What this misses: structurally similar impurities with nearly identical retention times can co-elute with the target peptide and inflate the purity number. A peptide with the wrong C-terminal amino acid might elute at the same time as the correct sequence, making it invisible to HPLC. Researchers working with peptides like BPC-157 or Thymosin Alpha-1 need to pair HPLC data with mass spectrometry confirmation. HPLC tells you how much of the sample is the target molecule by chromatographic behavior, but MS tells you whether the molecule's mass matches the intended structure. A peptide COA guide that stops at HPLC purity is incomplete.
Acceptable purity thresholds depend on application. For most in vitro cell culture work, 95–98% purity is standard. For in vivo studies where systemic exposure matters, 98% or higher reduces the risk of immune reactions to impurities. Custom peptides with unusual modifications. Such as acetylation, amidation, or D-amino acids. Should include a separate MS confirmation showing the modification is present, because HPLC alone can't distinguish between modified and unmodified forms if they co-elute.
Mass Spectrometry Confirmation and Why Molecular Weight Alone Isn't Enough
Mass spectrometry (MS) confirms a peptide's molecular weight by ionizing the sample and measuring the mass-to-charge ratio of the resulting ions. A peptide's theoretical molecular weight is calculated from its amino acid sequence. If the observed mass matches the theoretical mass within an acceptable margin (typically ±0.5 Da for small peptides, ±1–2 Da for longer sequences), the peptide is considered correctly synthesized. This is the identity confirmation step, and it's non-negotiable for any peptide used in mechanistic research.
What makes MS critical: two different peptides can have identical HPLC retention times but different molecular weights. A single amino acid substitution. Valine instead of leucine, for example. Might not change chromatographic behavior enough to separate on HPLC, but it will produce a molecular weight difference of 14 Da that MS detects immediately. Researchers working with peptides like Sermorelin or Ipamorelin, where receptor selectivity depends on exact sequence fidelity, cannot rely on HPLC purity alone.

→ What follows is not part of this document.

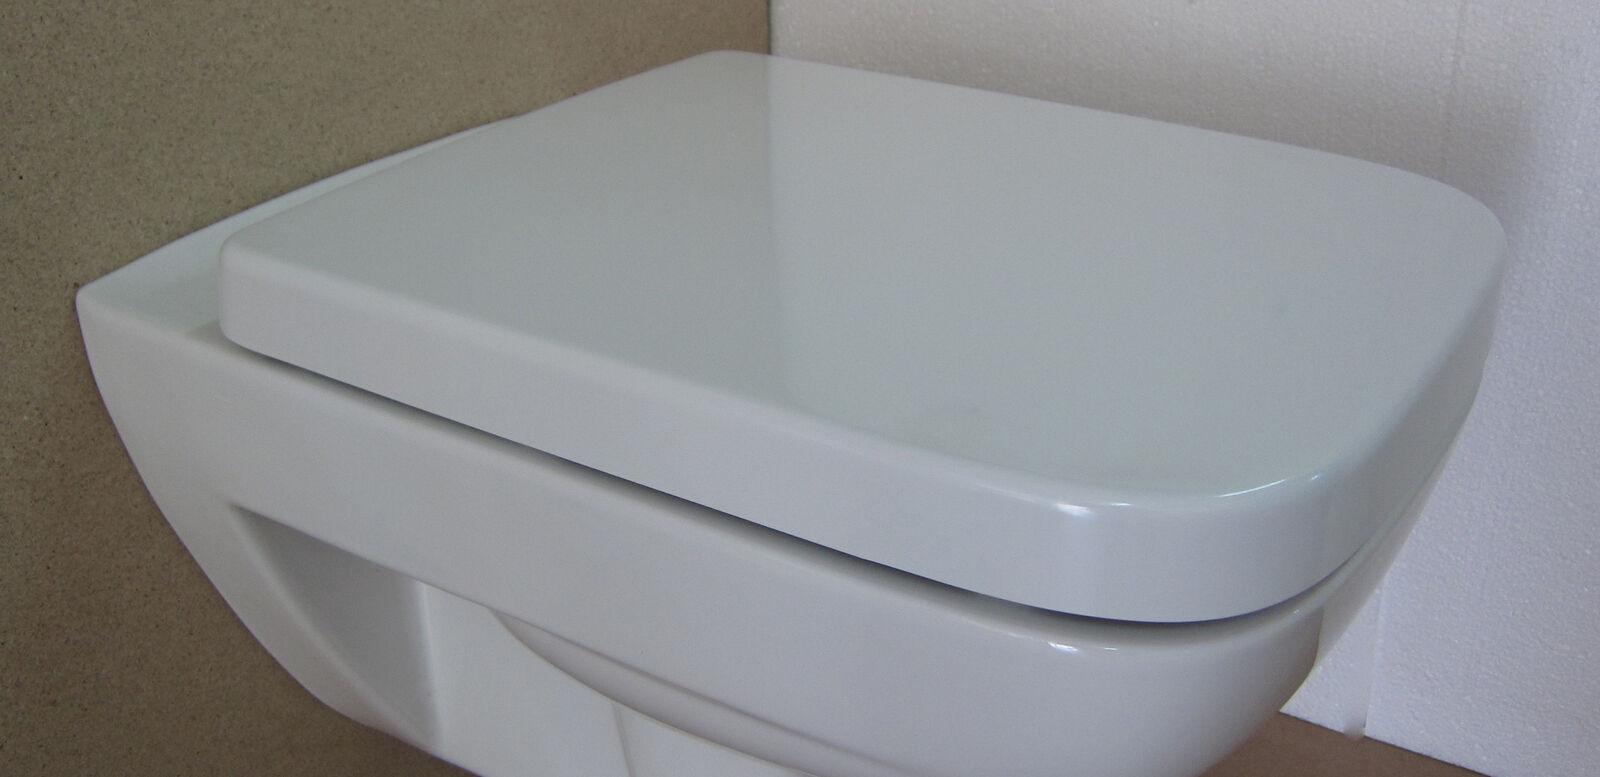 WC Sitz softclose zu Keramag Wand WC Renova Nr.1 Plan / 202150 / 202160 / 206145

A complete peptide COA guide includes MS data presented in one of two formats: electrospray ionization mass spectrometry (ESI-MS) or matrix-assisted laser desorption/ionization mass spectrometry (MALDI-MS). ESI-MS is more common for peptides under 5 kDa and produces multiple charge states, so you'll see peaks corresponding to [M+H]+, [M+2H]2+, and [M+3H]3+ ions. All representing the same molecule with different numbers of protons attached. The observed mass is back-calculated from these charge states. MALDI-MS typically produces singly charged ions and is used for larger peptides and proteins. Both methods should report an observed mass within the acceptable error range of the calculated mass.
What to watch for: some COAs report only the base peak or the most intense ion without showing the full spectrum. This can hide the presence of significant impurities that produce their own MS peaks. A high-quality COA includes either the full mass spectrum or a table listing all major peaks with their corresponding masses and relative intensities. If you're evaluating a peptide like Tirzepatide or Retatrutide. Both dual or triple agonists with complex structures. Request the full spectrum if it's not provided.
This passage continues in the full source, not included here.